▶ Supplied material
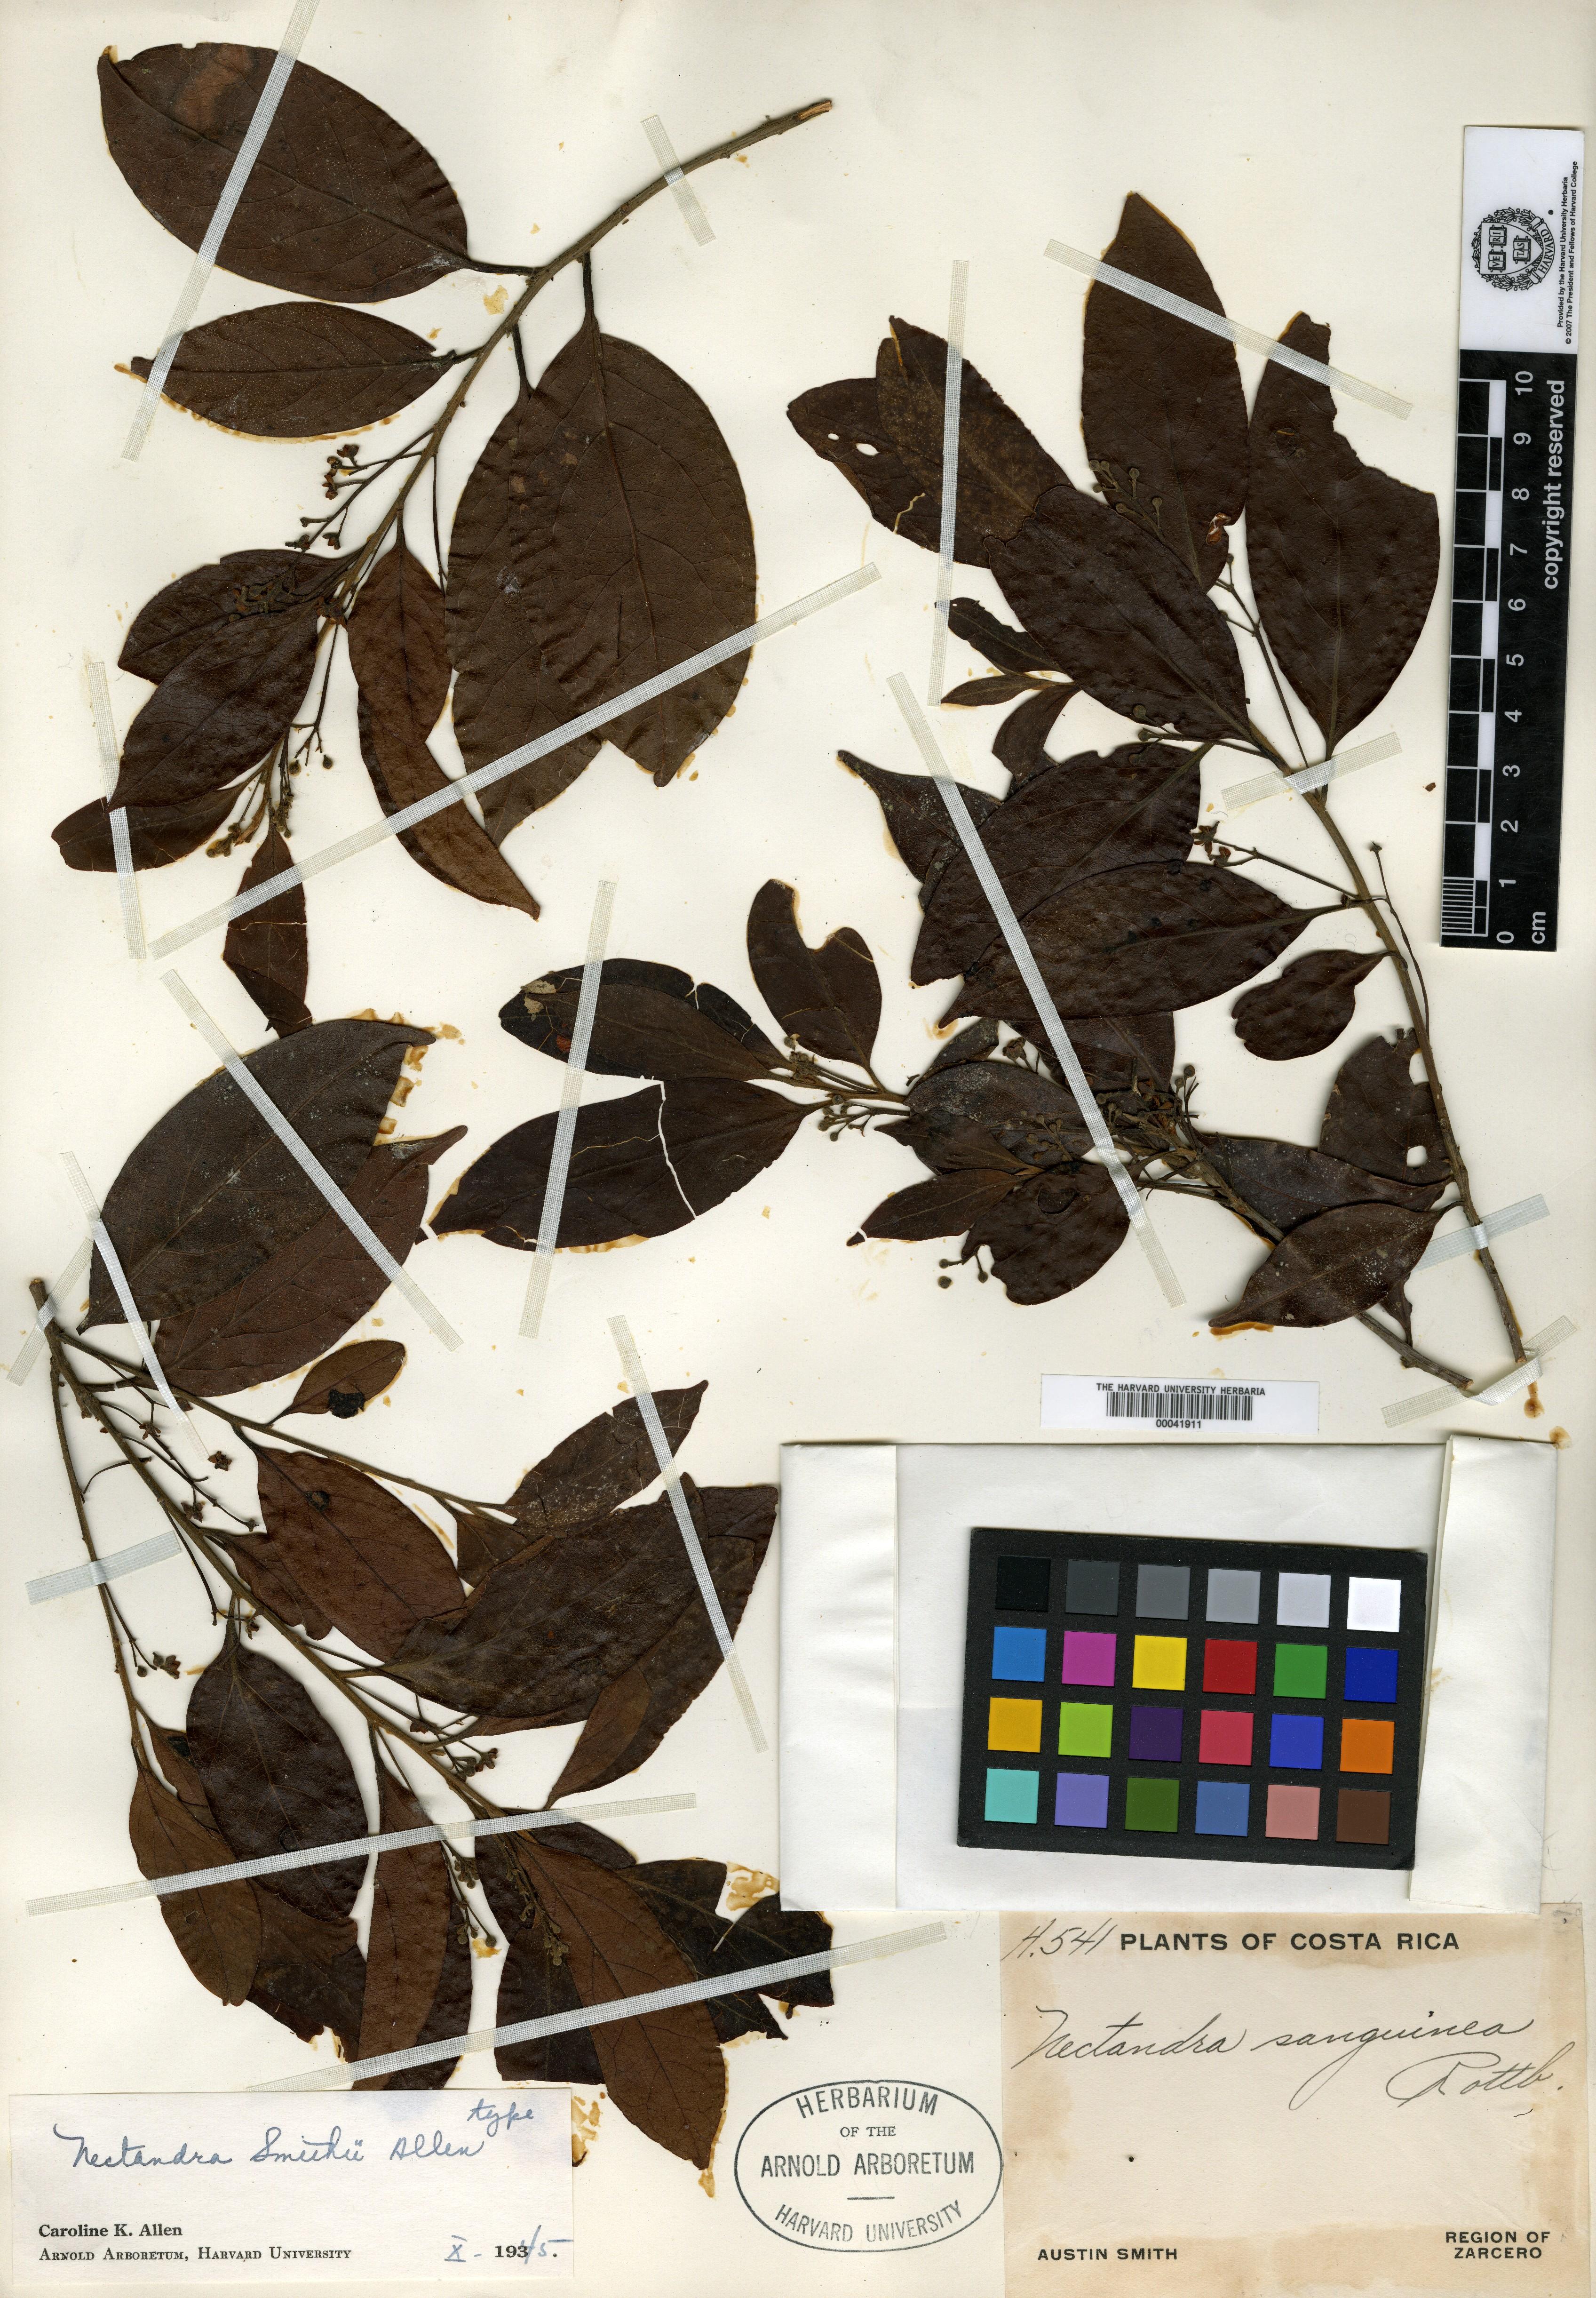 Nectandra smithii image
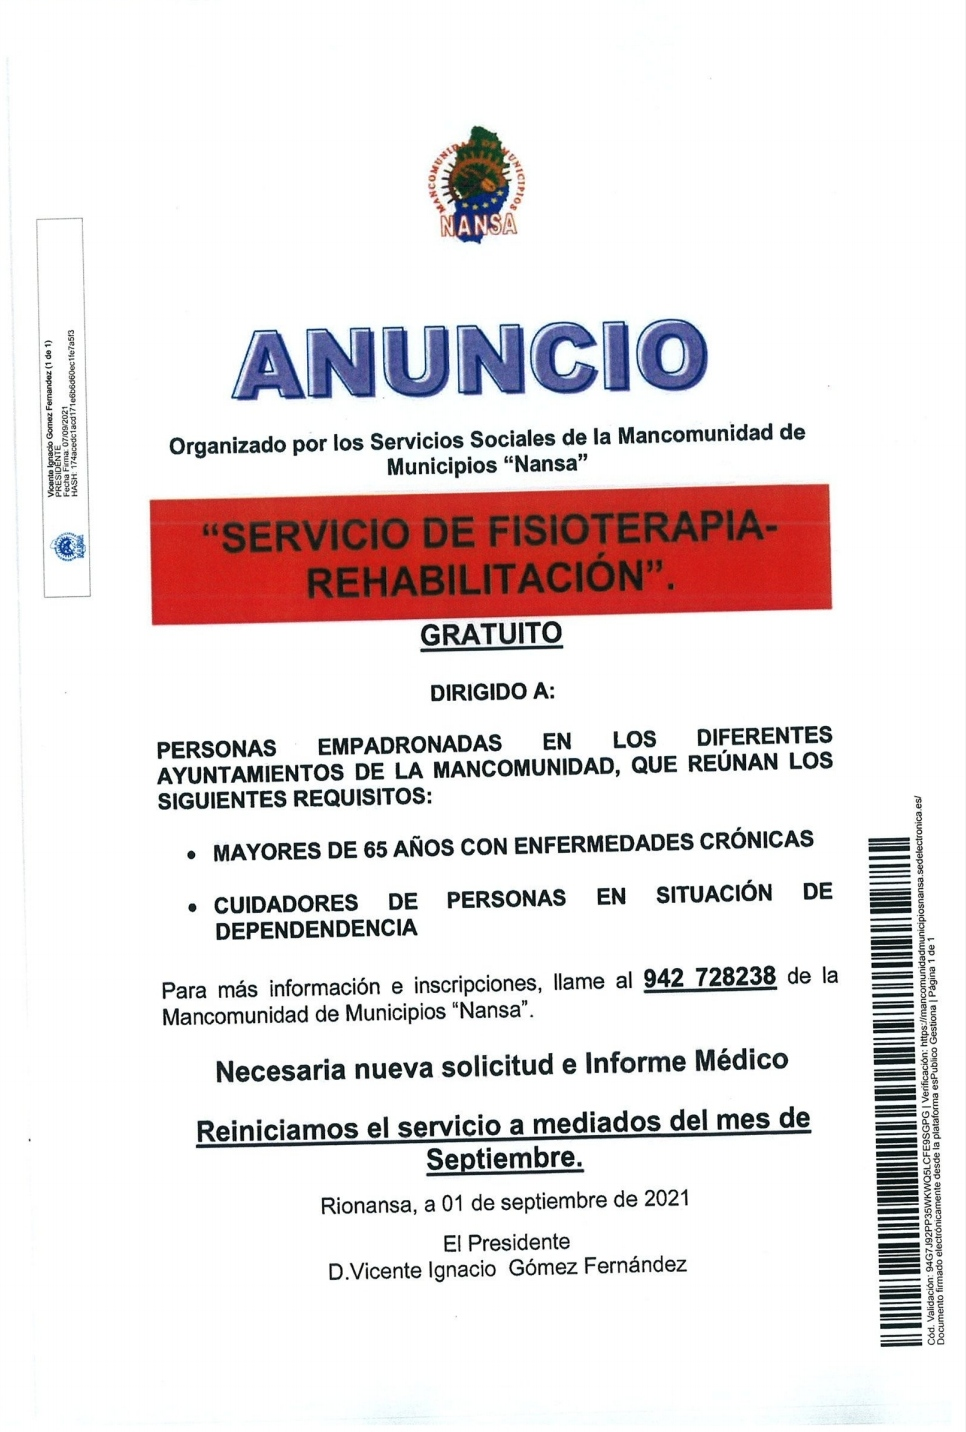 SERVICIO DE FISIOTERAPIA – REHABILITACIÓN
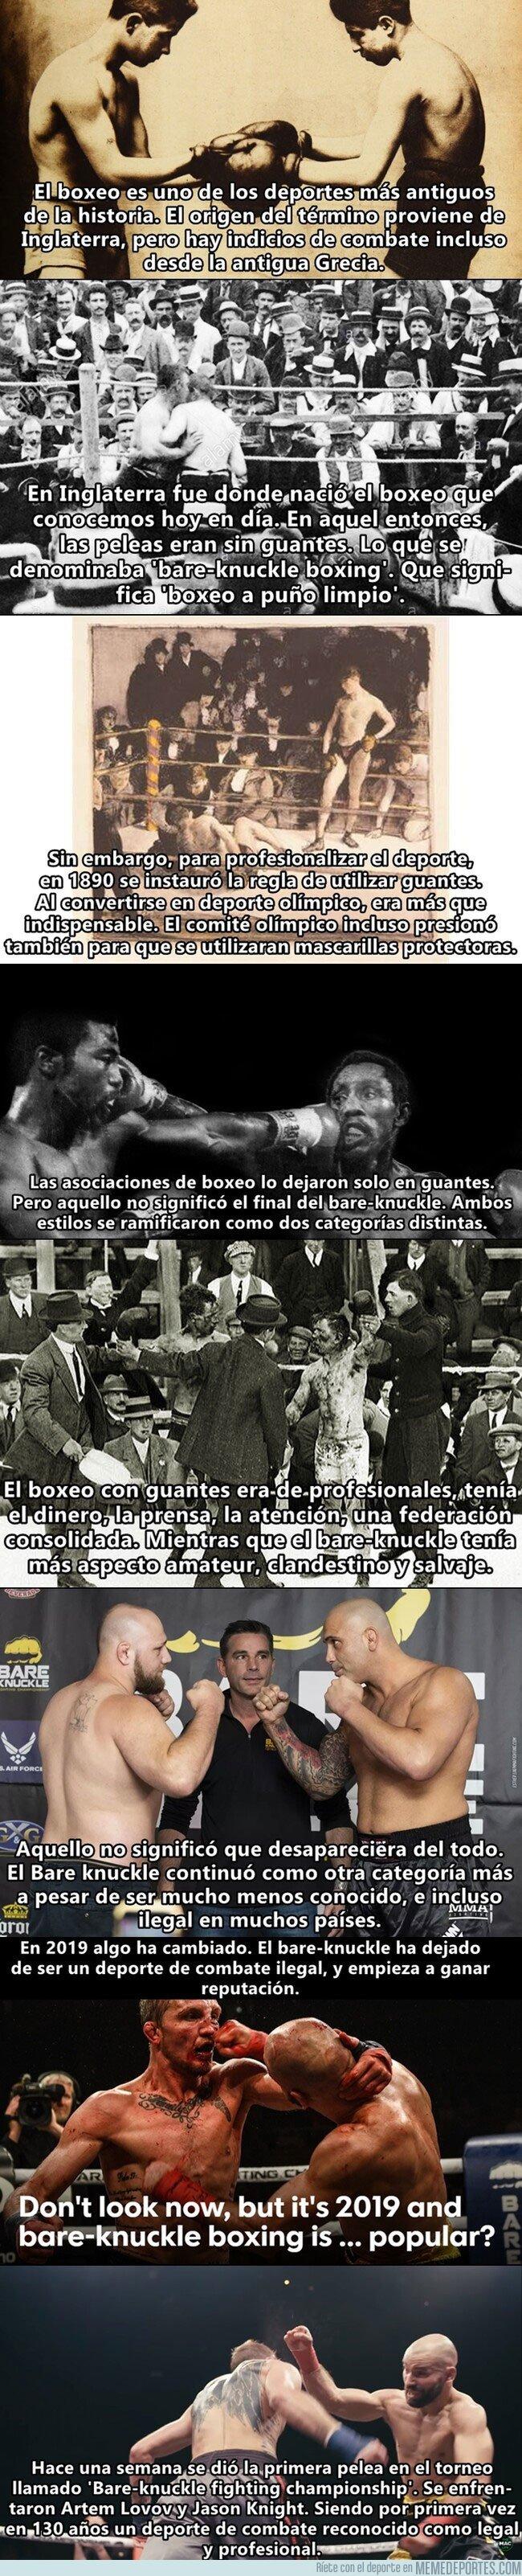 1071218 - Una vieja rama del boxeo podría convertirse en el nuevo boxeo.
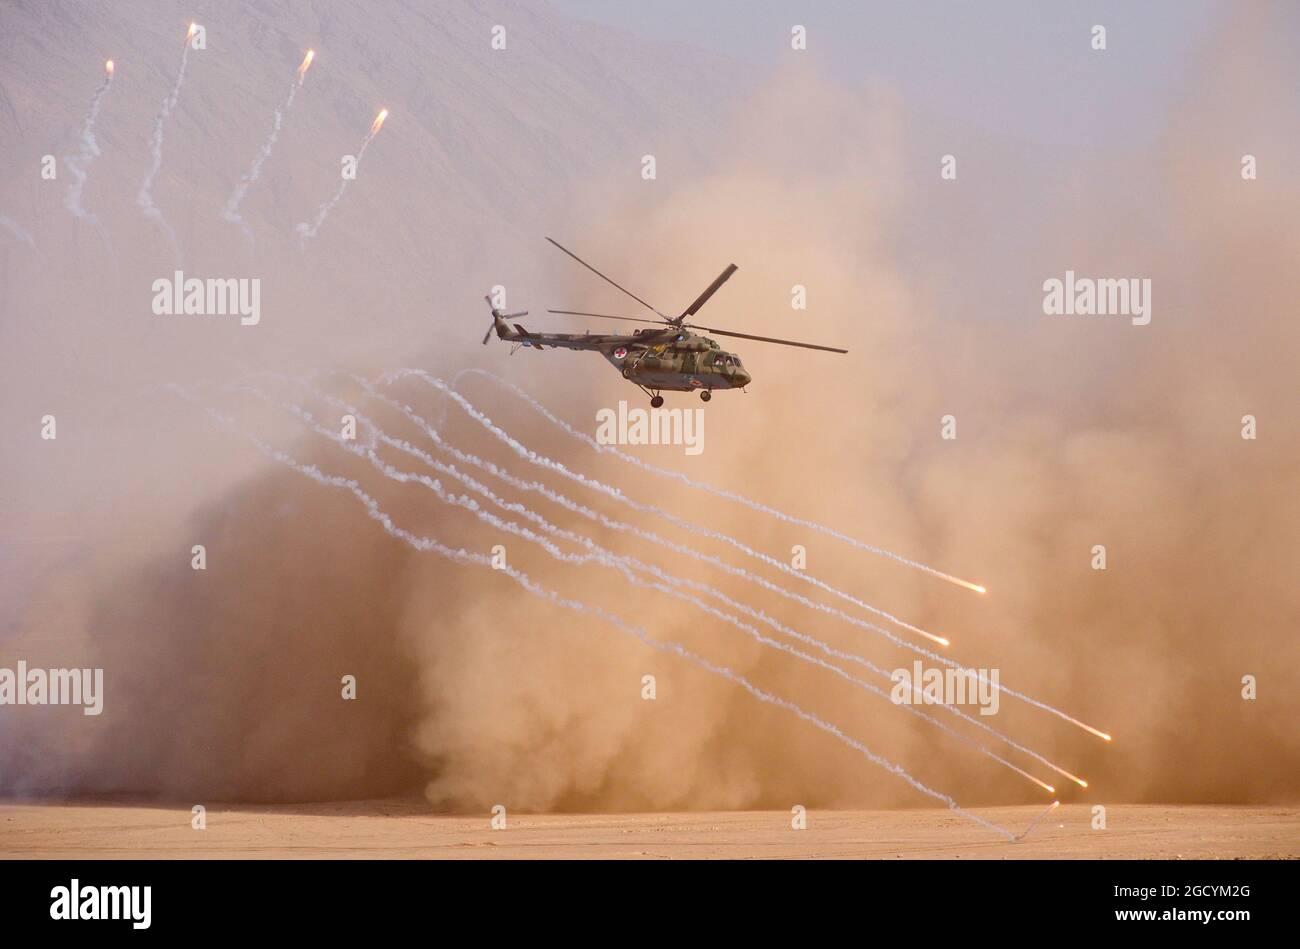 Regione di Khatlon, Tagikistan. 10 agosto 2021. Un elicottero è visto durante un esercizio militare congiunto da parte della Russia, del Tagikistan e dell'Uzbekistan sul terreno di addestramento militare Harb-Maidon, a 20 km dal confine con l'Afghanistan. 2,500 militari (tra cui 1,800 militari russi) con circa 500 pezzi di hardware militare partecipano all'esercizio militare, che va dal 5 al 10 agosto 2021. Credit: Nozim Kalandarov/TASS/Alamy Live News Foto Stock
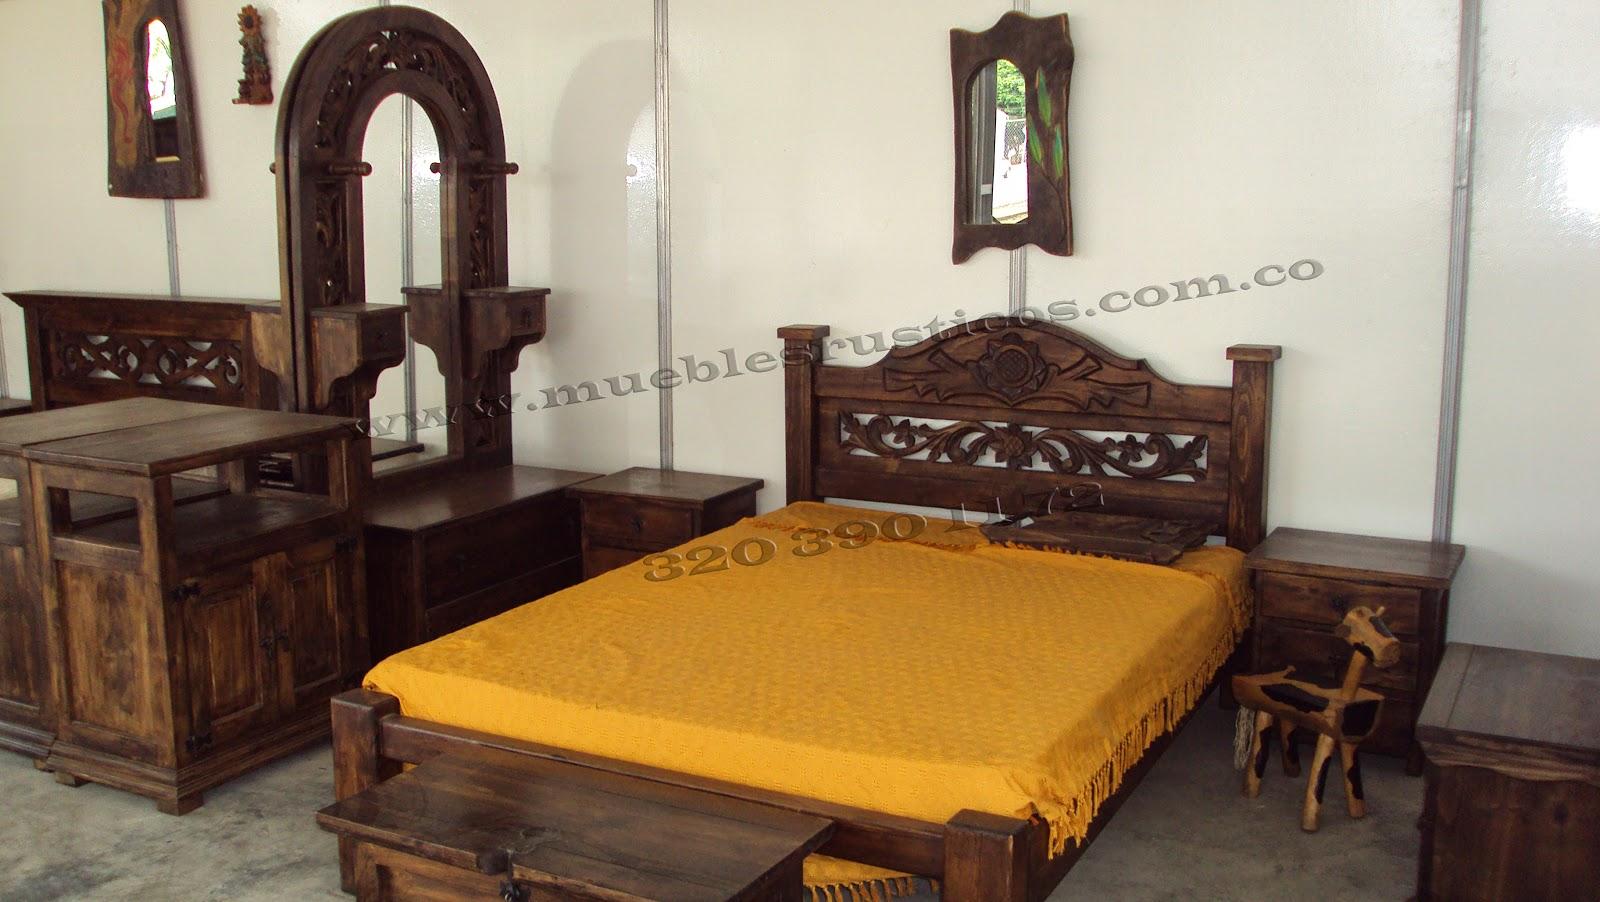 Cama madera rustica todo maderas rustico t rusticas for Muebles rusticos en madera

▶ Work required
Only the pictures are dropped when you print the material; everything else is copied exactly.

▶ Problem solution
 Nectandra smithii image
 SERVICIO DE FISIOTERAPIA – REHABILITACIÓN
 1071218 - Una vieja rama del boxeo podría convertirse en el nuevo boxeo.
 Regione di Khatlon, Tagikistan. 10 agosto 2021. Un elicottero è visto durante un esercizio militare congiunto da parte della Russia, del Tagikistan e dell'Uzbekistan sul terreno di addestramento militare Harb-Maidon, a 20 km dal confine con l'Afghanistan. 2,500 militari (tra cui 1,800 militari russi) con circa 500 pezzi di hardware militare partecipano all'esercizio militare, che va dal 5 al 10 agosto 2021. Credit: Nozim Kalandarov/TASS/Alamy Live News Foto Stock
 Cama madera rustica todo maderas rustico t rusticas for Muebles rusticos en madera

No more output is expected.